We’re lucky to call this beautiful planet home but it needs our help to stay healthy and clean. Fortunately, there are easy ways for all of us to do our part in protecting the planet. Keep scrolling for three simple ways to boost the sustainability of your eating habits.
Waste Less Food
So here’s the thing about food waste: When you toss food, you’re not just throwing away money and resources, you’re also contributing to the Earth’s greenhouse gas (GHG) problem. Food waste alone represents 8% of total GHG emissions, making it almost equivalent (87%) to global road transport emissions.1 Here are a few easy ways to reduce your food waste:
- Keep tabs on which foods you actually eat and which usually end up in the trash. This will help you tweak your shopping habits, plan your meals and offer opportunities for cost savings.

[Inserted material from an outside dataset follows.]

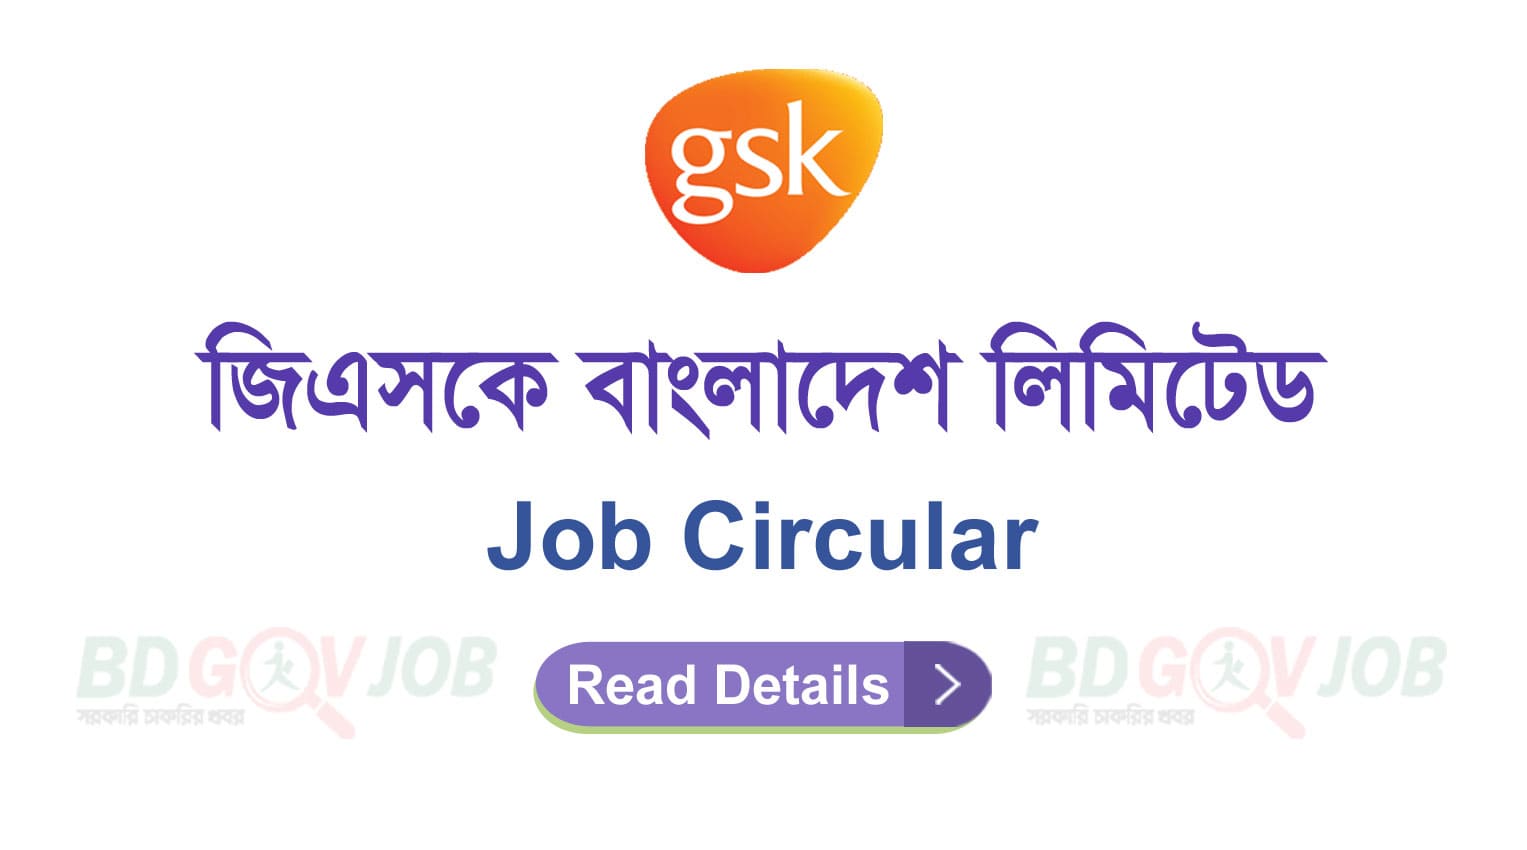 GSK Bangladesh Job Circular

- The fridge is a hot spot for food waste, but a little organization can help. Make sure older foods are toward the front and easy to access so they get used up before spoiling. It’s hard to use what you can’t see.
Cut Down on Plastic
From shopping and packing to eating and storing, most of us have a long way to go in reducing the single-use plastics we use for food. Plastic shopping bags can take up to 1,000 years to break up into pieces2, and The Ocean Conservancy lists plastic cutlery as one of the “most deadly” items to sea turtles, birds and mammals because it’s often mistaken for food. Try opting for reusable versions of these common plastic items:
- Shopping bags
- To-go cups
- Storage bags
Cook with Mushrooms
Mushrooms are not only healthy on the plate, they’re also gentle on the planet. Researchers have noted mushrooms can be considered one of the most sustainably produced foods in the United States.3 They require very few resources to grow and put recycled materials to use. Producing one pound of mushrooms requires only 1.0 KWH of electricity and 1.8 gallons of water, a fraction of what’s required for many other foods.3 Plus, mushrooms grow in beds of composted agricultural materials and, once they’re harvested, the soil is recycled for multiple uses, including potting soil.
Pick a recipe below and get cooking with mushrooms.

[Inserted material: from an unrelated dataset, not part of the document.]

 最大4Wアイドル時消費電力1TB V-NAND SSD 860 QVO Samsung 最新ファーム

Grilled Portabella Gyros With Yogurt Dill Sauce
One-Pan Marsala Inspired Chicken and Veggies
Lasagna Stuffed Portabella Mushrooms
1Food Wastage Footprint & Climate Change. Food and Agriculture Organization of the United Nations website. Available at: http://www.fao.org/3/bb144e/bb144e.pdf. Accessed March 3, 2021.
2Cho, R. Plastic, Paper or Cotton: Which Shopping Bag is Best? Columbia University Earth Institute website. Available at: https://blogs.ei.columbia.edu/2020/04/30/plastic-paper-cotton-bags/. April 30, 2020. Accessed March 3, 2021.
3The Mushroom Sustainability Story: Water, Energy and Climate Environmental Metrics 2017 study, produced by leading sustainability analysis and research firm SureHarvest, is the result of a two-year initiative to document mushroom production environment metrics. Additionally, SureHarvest and UC Davis researchers collaborated on a life cycle assessment study of mushroom production in the United States: Robinson, B., Winans, K., Kendall, A. et al. Int J Life Cycle Assess (2019) 24: 456. https://doi.org/10.1007/s11367-018-1456-6.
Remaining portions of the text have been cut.